Large Language Models (LLMs) have proven efficient in giving definition-type answers to user input queries. While for humans giving various types of answers, such as examples and paraphrases, is an easy task, LLMs struggle to provide correct answers for other than definition-type queries. In this study, we evaluated this drop in performance using TrackList, a fine-grained linguistic and statistical analysis pipeline to investigate the impact of the pre-training data on LLMs answers to diverse linguistic queries. We also introduce RefoMed-EN, an English dataset consisting of 6170 human-annotated medical terms alongside their corresponding definitions, denominations, exemplifications, explanations, or paraphrases. We studied whether the high frequency of a concept (head) or low frequency (tail) impacts the language model's performance. We evaluated the quality of the LLM's output using syntactic and semantic similarity metrics, statistical correlations and embeddings. Results showed that the LLM's task performance for definition type questions is the highest, while for the exemplification type it is the lowest.

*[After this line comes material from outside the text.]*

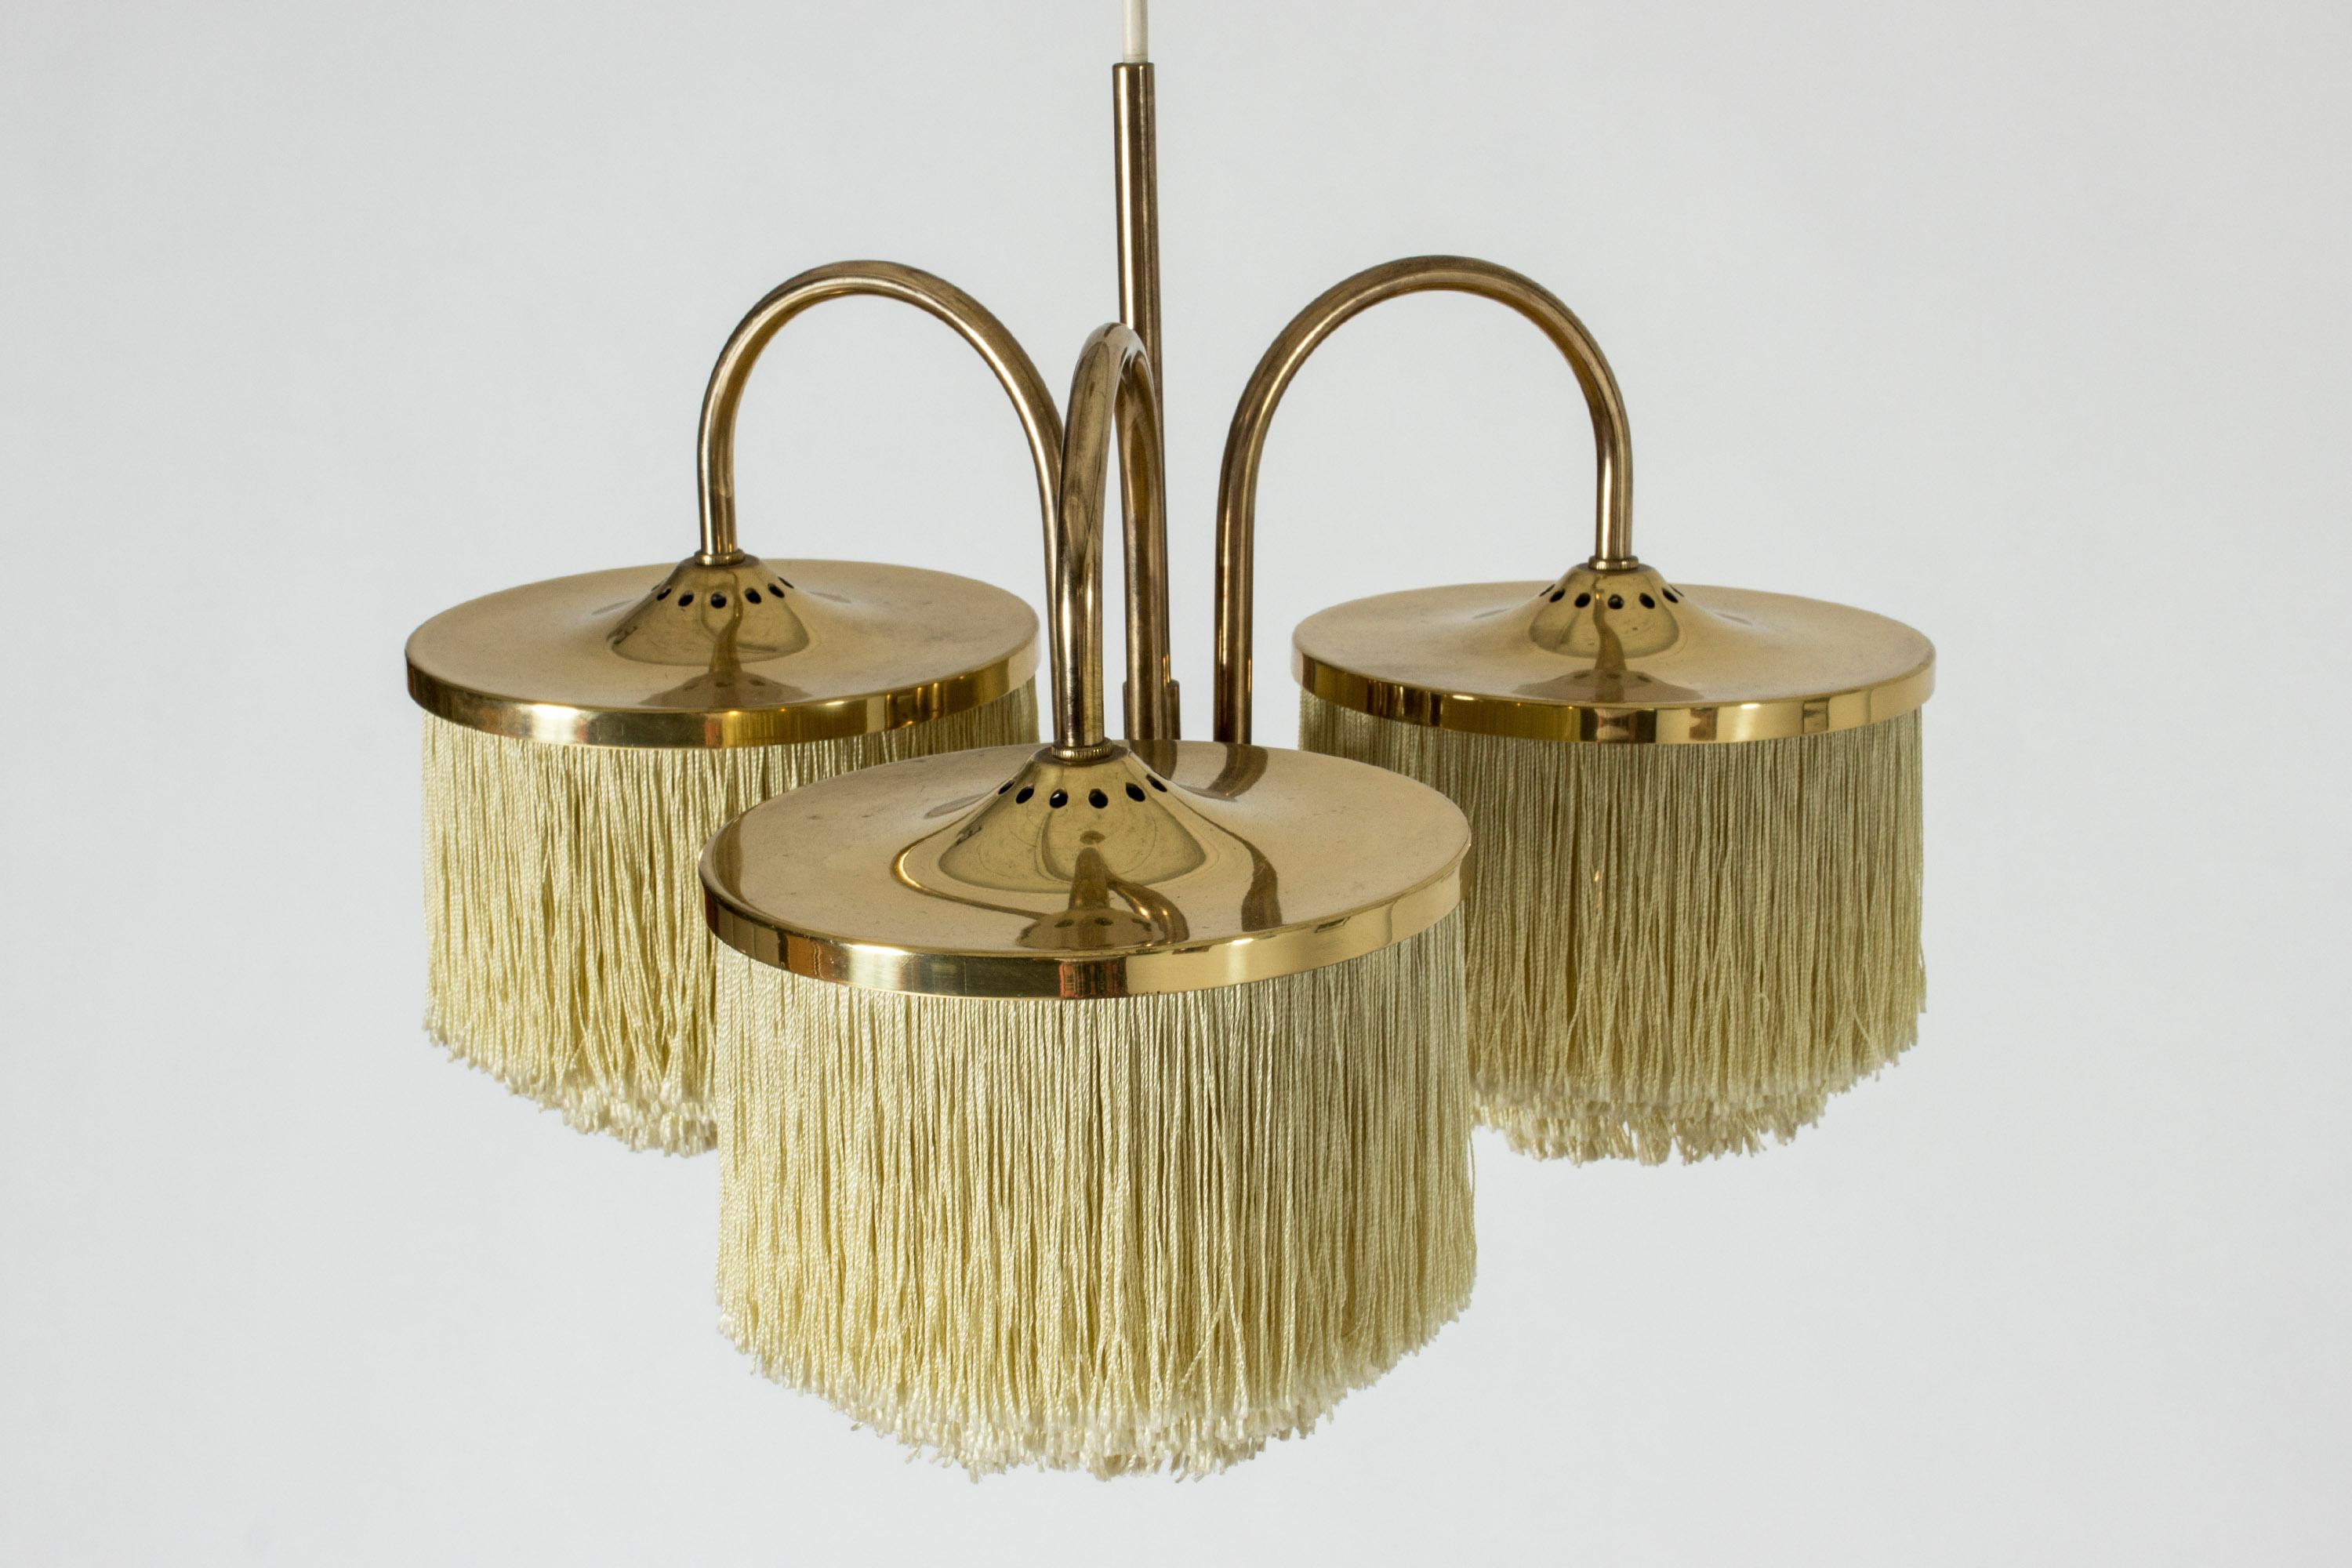 Lovely “Fringe” ceiling lamp by Hans-Agne Jakobsson, made from brass. Drapes of textile chords are suspended in layers from the three shades. Perfect boudoir lighting.

Additionally, we showed that for definition-type questions, large language models are prone to paraphrase more on popular and frequent knowledge and less on tail and technical knowledge, especially in the expert texts.

Paper Structure

This paper contains 25 sections, 2 equations, 3 figures, 5 tables.

Table of Contents

  1. Introduction
  2. Related Work
  3. Methodology
  4. Formulation
  5. Evaluation Metrics
  6. Tracing back semantic similarity
  7. Statistical correlation
  8. CLS cosine similarity
  9. Linguistically Annotated Dataset
  10. Query Linguistic Diversity
  11. Experimental Setup
  12. Linguistic Diversity and Frequency for Task Performance
  13. CLS Embbedings and Co-occurrence Probability
  14. Tracing Back Head and Tail Knowledge
  15. Results and Analysis
  16. ...and 10 more sections

Figures (3)

  • Figure 1: Large Language Models tend to generate more hallucinated definition-style outputs even when directly asked to answer an example-style query for tail knowledge terms.
  • Figure 2: The pipeline of our method represented in five steps. 1) The zero-shot inference QA task using the medical concepts from the RefoMed-EN dataset. The dataset was divided in subdatasets according to the query type (detailed presentation in section 3.4). 2) We obtained the frequency in terms of number of documents for each RefoMed-EN concept. 3) We calculated the BERTScore between the LMs output and the RefoMed-EN gold standard. 4) These two values were used to compute Pearson correlations. 5) We computer a probability metric between the CLS embedding score between the term and the n-grams of the output, and their frequency in the pre-training corpora.
  • Figure 3: Manual analysis of hallucinations on 100 head and tail terms. Best model is OLMo-1b, with the lowest rate of hallucinations (33%).